From Preparation to Taking Action: How Your Nonprofit Can Be Prepared for Field Operations

For those aspiring or established charities and nonprofit organizations that need to upscale their organization to feasible, manageable, and working field operations, here is a great primer on how to jump from preparing to going into the field with accommodating VSAT equipment. Whether an organization is already established and currently working in the field or not, this article is designed to enhance, improve, or assist in establishing an organizational model that will ensure that the organization is protected against any liability or dangers that exist in the field.

Preparing for Field Operations

Proper preparations for field deployment ensure that all assignments are complete, accidents are avoided, and all workers operate and return home safely.
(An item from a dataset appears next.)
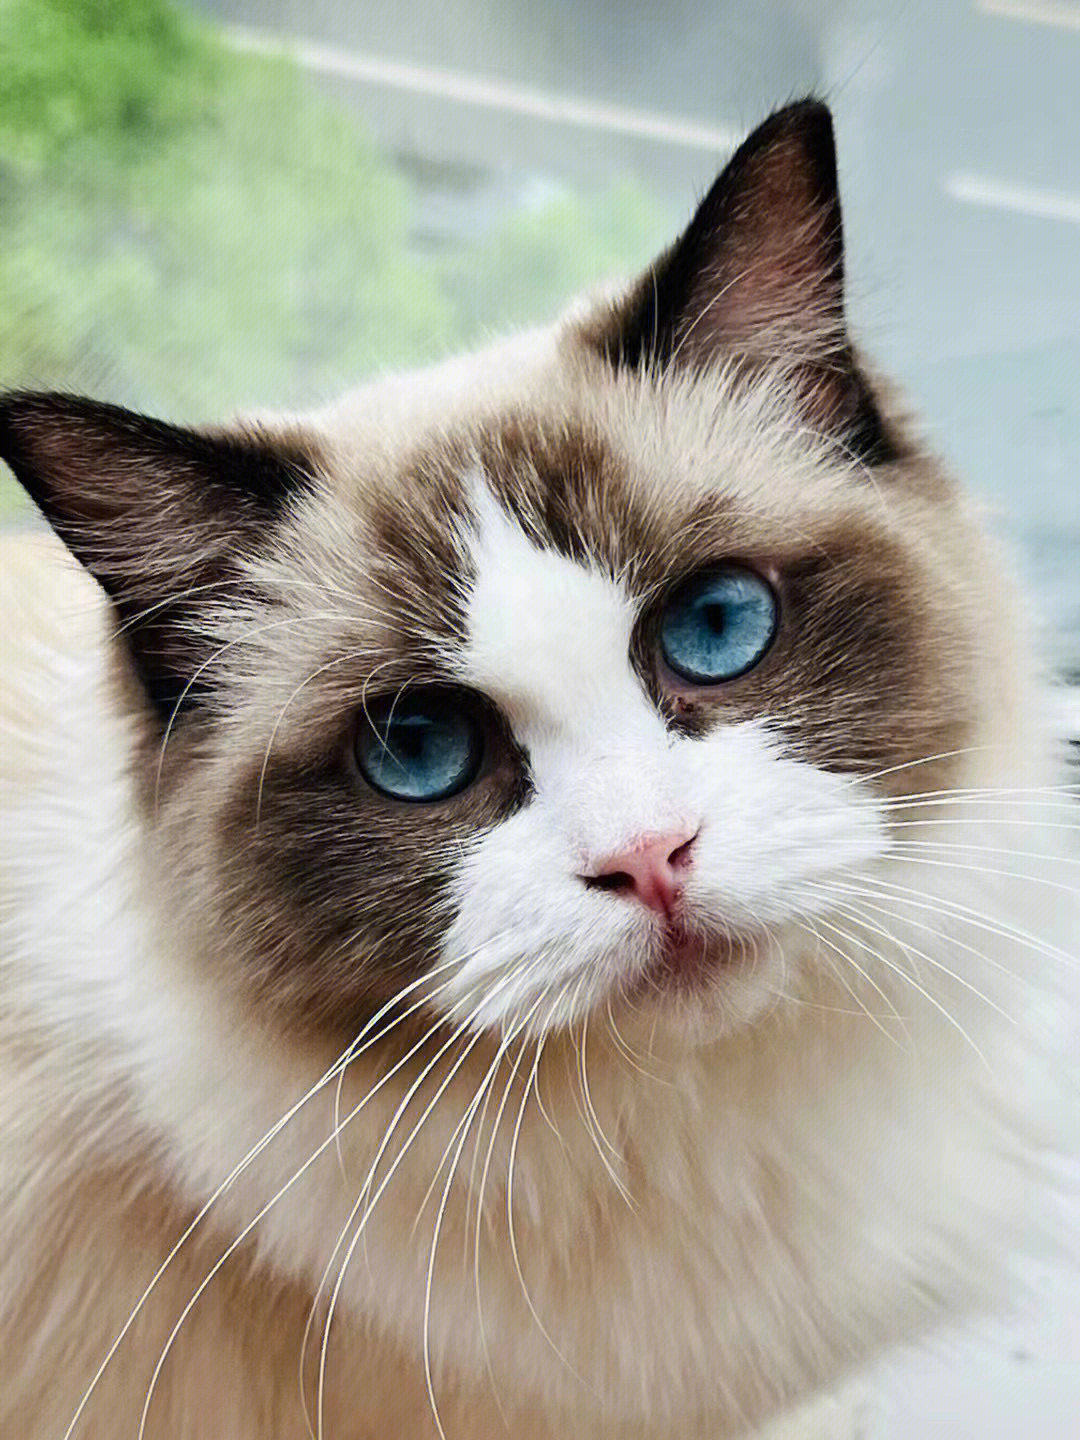 蓝眼睛的猫品种及图片图片

The person in charge of preparation plans specific tasks and activities, and ensures acquisition of the proper equipment for the operations as well as training to use the equipment.

When preparing for the field, first consider these elements:

  • Physical fitness: It helps to stay in shape to survey the geography to trek rolling hills or mountains and the like.
  • Swimming: If the deployment is on a large lake, river, or ocean, swimming will increase your endurance and reduce risk of drowning, whether there are undercurrents or large waves.
  • Regular Physical Examinations: Before deploying the team, each member should receive a physical examination to identify any limitations and conditions that would increase harmful risks.
  • Medical Advisories: After the examinations, if there are any, conditions and limitations should be discussed with the medical professional.
  • First aid procedures: The wilderness, mountains, jungles, forests, and large bodies of waters have natural risks that can cause unforeseen harmful circumstances. All team members should be trained in utilizing first aid procedures.
  • Survival skills: Natural habitats away from cities and places of civilization can be deadly if members are not familiar with the environment.
  • Off-road vehicles and 4-wheel drives: Vehicles suited for the desert, mud, forests, and plateaus are ideal.
  • Identifying hazards: Identify hazards associated with the environment, whether open or confined spaces in which team members will be installed.
  • Proper technology provided: A lot of accidents and hazards can be avoided when proper technology is provided to field teams. Consider providing teams with VOIP or SAT phones to help them communicate with basecamp and your organization from the field.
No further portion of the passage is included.